Figure 4. ARV-825 leads to a superior effect on BL cells proliferation suppression than BRD4 inhibitors

(A) Various BL cell lines were seeded at 50000 cells/100ul in 96-well plates and then treated with increasing doses of ARV-825, JQ1 and OTX015; relative proliferation was determined by CellTiter-Glow (CTG) assay 72 hours later. (B) ARV-825 leads to longer lasting proliferation suppression than small molecule inhibitors Namalwa cells were treated for 24 hours with ARV-825 (0.1 µM), JQ1 (1.0 µM) and OTX015 (1.0 µM), followed by three washes to remove compounds, and re-seeded in fresh medium in 96-well plate, relative proliferation was determined by CTG assay at 24 hours and 48 hours after re-seeding. (C) Pomalidomide partially rescued the effect on proliferation suppression by ARV-825 treatment. Different BL cell lines were treated with ARV-825 (0.01 µM on left panel or 0.1 µM on right panel) alone, or together with pomalidomide (1.0 µM or 10.0 µM) for 72 hours, relative cell proliferation was determined by CTG assay. (D) Pomalidomide does not have significant effect on BL cell proliferation. Different BL cell lines were treated with increasing doses of pomalidomide (up to 10.0 µM) for 72 hours, relative proliferation was determined by CTG assay.

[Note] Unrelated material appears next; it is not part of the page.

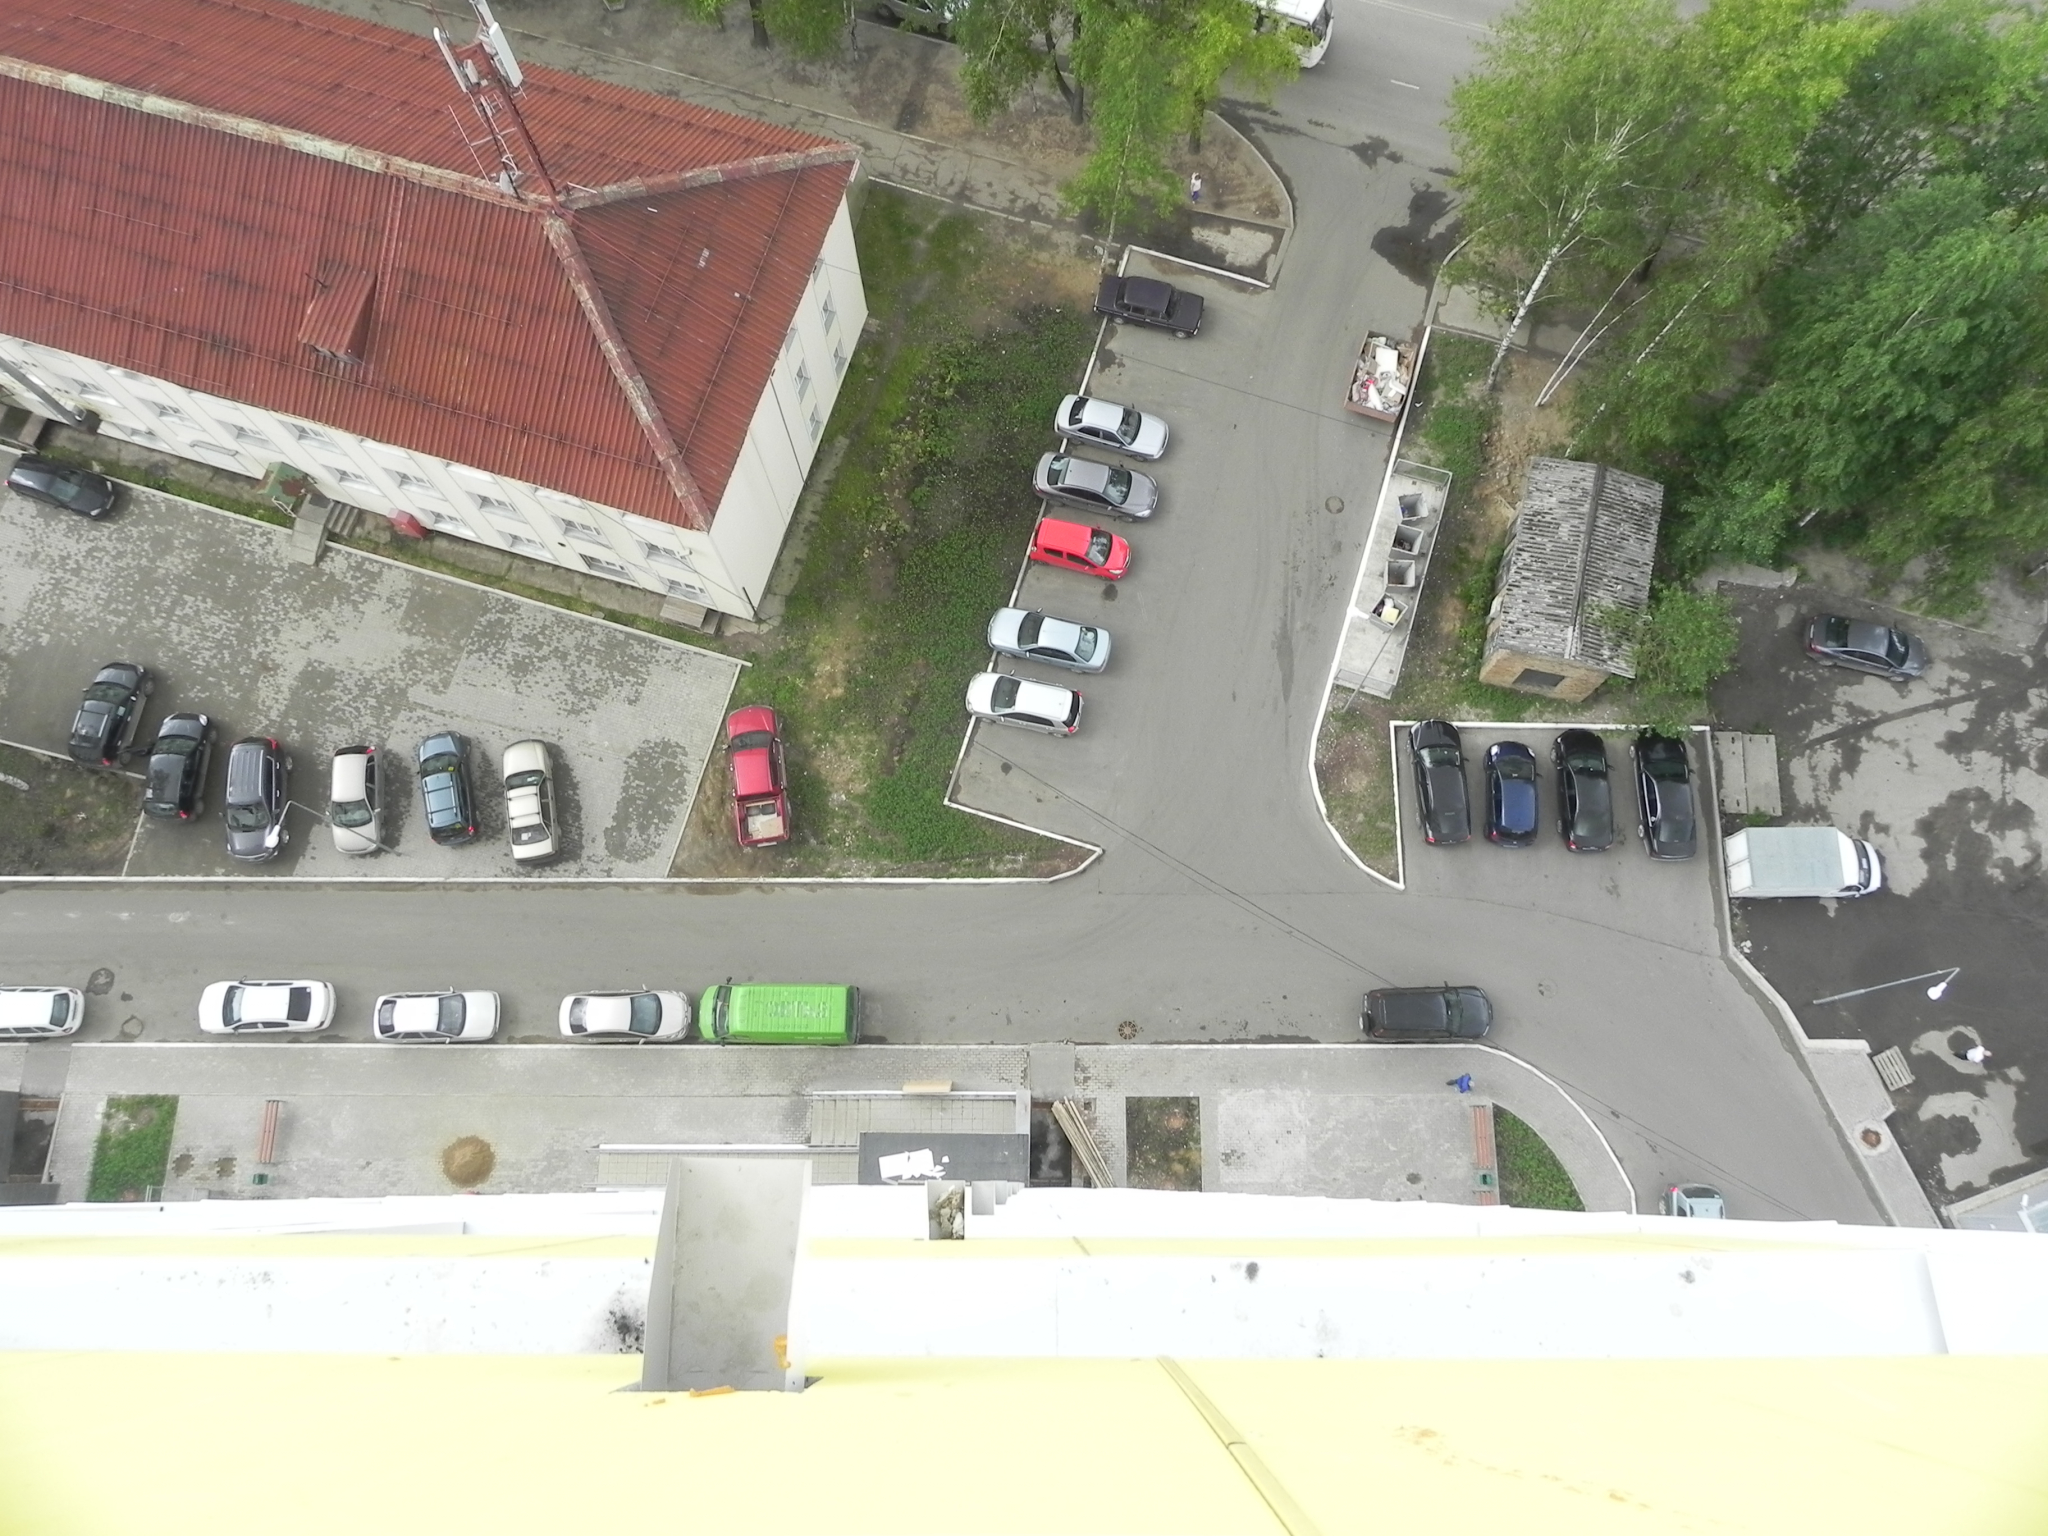 В Пензенской области из окна многоэтажки выпала девушка: СК проводит проверку

Figure 5. ARV-825 leads to a superior effect on BL cells apoptosis induction than small molecule inhibitors

(A) Various BL cell lines were treated with ARV-825 (0.1 µM), or JQ1 (1.0 µM), or OTX015 (1.0 µM), or puromycin (10 mg/ml) as positive control of apoptosis induction, for 24 hours, caspase 3/7 activity was measured by Caspase 3/7- Glow assay. (B) Ramos and CA-46 cells were treated with increasing doses of ARV-825 (up to 1.0 µM), or JQ1 and OTX015 (up to 10.0 µM) for 48 hours. Lysates were collected and analyzed by immunoblot for PARP cleavage with actin as loading control.